Schizophrenia, also known as Paranoid Schizophrenia, Disorganized Schizophrenia and Catatonic Schizophrenia, is a brain disorder that causes those affected to interpret reality in an abnormal fashion. It is the most chronic and disabling of all mental disorders, and while this disorder can often be managed, there is no cure. It hinders the ability of those suffering from it to care for themselves, becoming gradually worse over their lifetime.
The term Schizophrenia, while meaning “split mind”, is often confused with split or multiple personality disorders. In reality, the term “split mind” refers to the way Schizophrenia distorts a person’s ability to express emotion, think, behave in social settings and their perception of the world around them. Those suffering from Schizophrenia cannot tell the difference between what is real and what is imagined. Without treatment, they are stuck in a frightening and confusing world.
The severity of schizophrenia varies from person to person. There are several subtypes of this mental disorder, with the main ones being Paranoid, Disorganized and Catatonic Schizophrenia. Paranoid Schizophrenics believe that either certain people or all people are attempting to harm them, whether for punishment or revenge.
Variations of the Disease
They are usually fairly in control of their emotions, speech and actions, yet go out of their way to avoid being found or harmed by imaginary villains. Disorganized Schizophrenics often have trouble performing normal activities such as showering, dressing or preparing a meal. They are highly confused, incoherent and childish.
They may come across as emotionless and respond inappropriately to everyday situations. A Catatonic Schizophrenic is generally unable to move or speak. A few assume odd postures and stay in these positions, and may repeat everything said to them. They are at an increased risk of malnutrition or inflicting injury upon themselves.
The first signs of schizophrenia are sudden and severe changes in ability to perform tasks and in a patient’s personality. Symptoms typically begin in the teens or 20s in men, and in the 20s or 30s in women. It is highly uncommon for a child to be diagnosed with schizophrenia, and even rarer for those over 40 years old to develop symptoms. Signs and symptoms of this disorder or usually divided into four categories: positive, negative, cognitive and affective.

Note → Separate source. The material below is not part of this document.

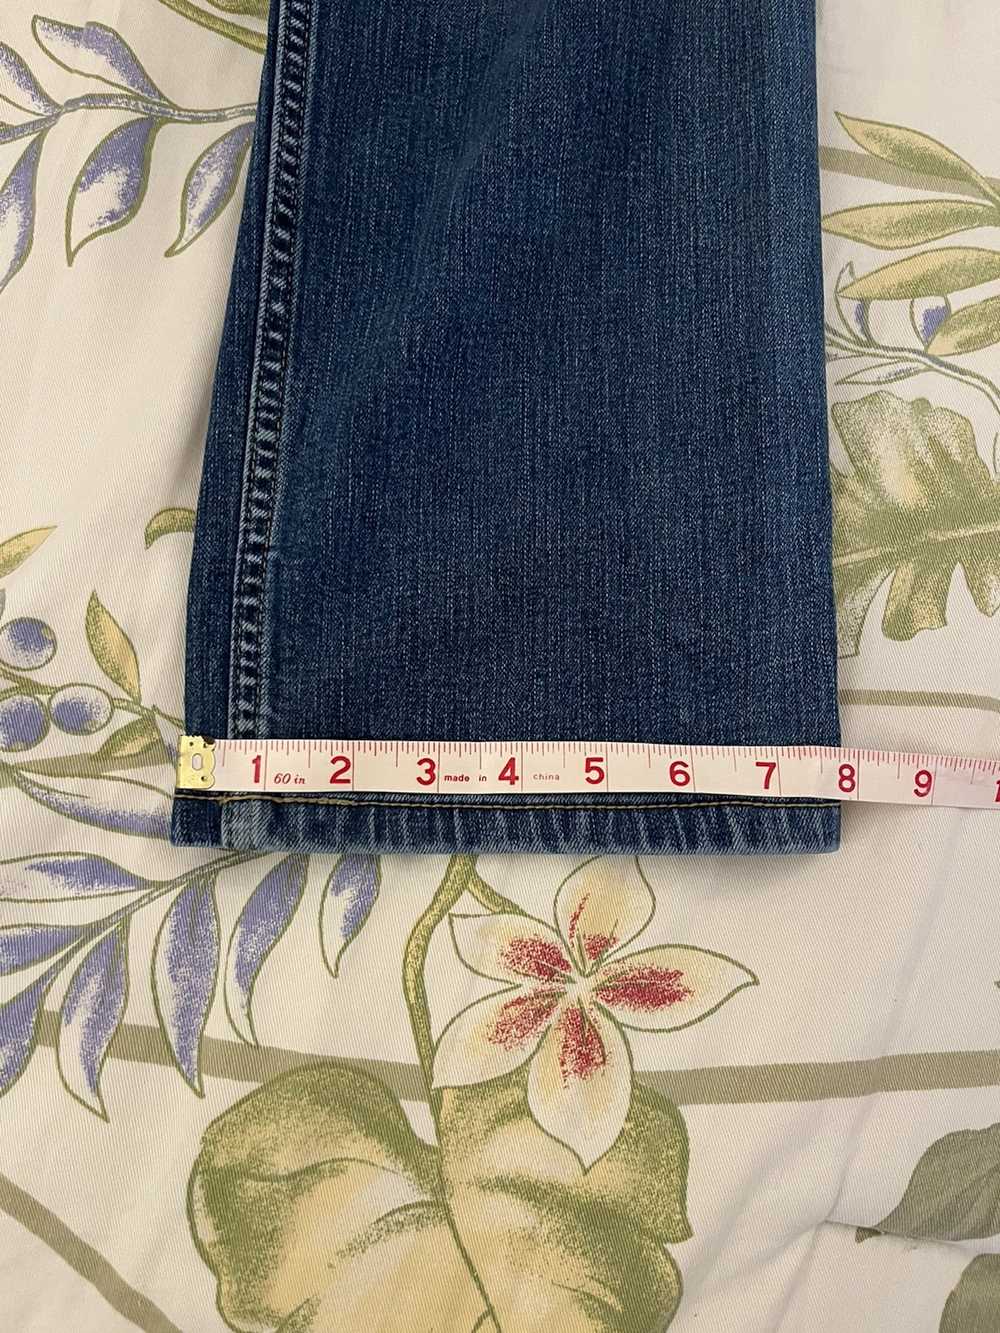 Carhartt × Streetwear Carhartt work style jeans - image 8

Positive symptoms include anything that distorts a person’s ability to function normally. Delusions, which cause a person to misinterpret an experience, are one of the most common symptoms. Hallucinations cause someone to see or hear things that do not exist. The most common hallucination is hearing voices, though hallucinations can affect any number of the five senses, even smell and touch. Thought disorders and disorganized behavior cause someone to mix words together and excessively lose their train of thought, as well as experience unpredictable anger or silliness.
Negative symptoms are often harder to detect, and includes losing the ability to function at a “normal” level (normal being the way a schizophrenic functioned before the onset of symptoms). Negative symptoms can be a withdrawal from society, loss of interest in usual activities, apparent lack in emotion, and an inability to make or stick to plans, neglect of hygiene and loss of motivation.
Cognitive symptoms affect a person’s way of thinking. These symptoms are usually the most apparent to others and the most disabling for the person suffering from them, because they affect one’s ability to go about their daily life. It is thought that those with schizophrenia are born with these symptoms, but they usually do not have a major impact until the disorder itself actually starts. Cognitive symptoms include a lapse or absence of memory, difficulty or inability to pay attention and issues making sense of spoken, written or implied information.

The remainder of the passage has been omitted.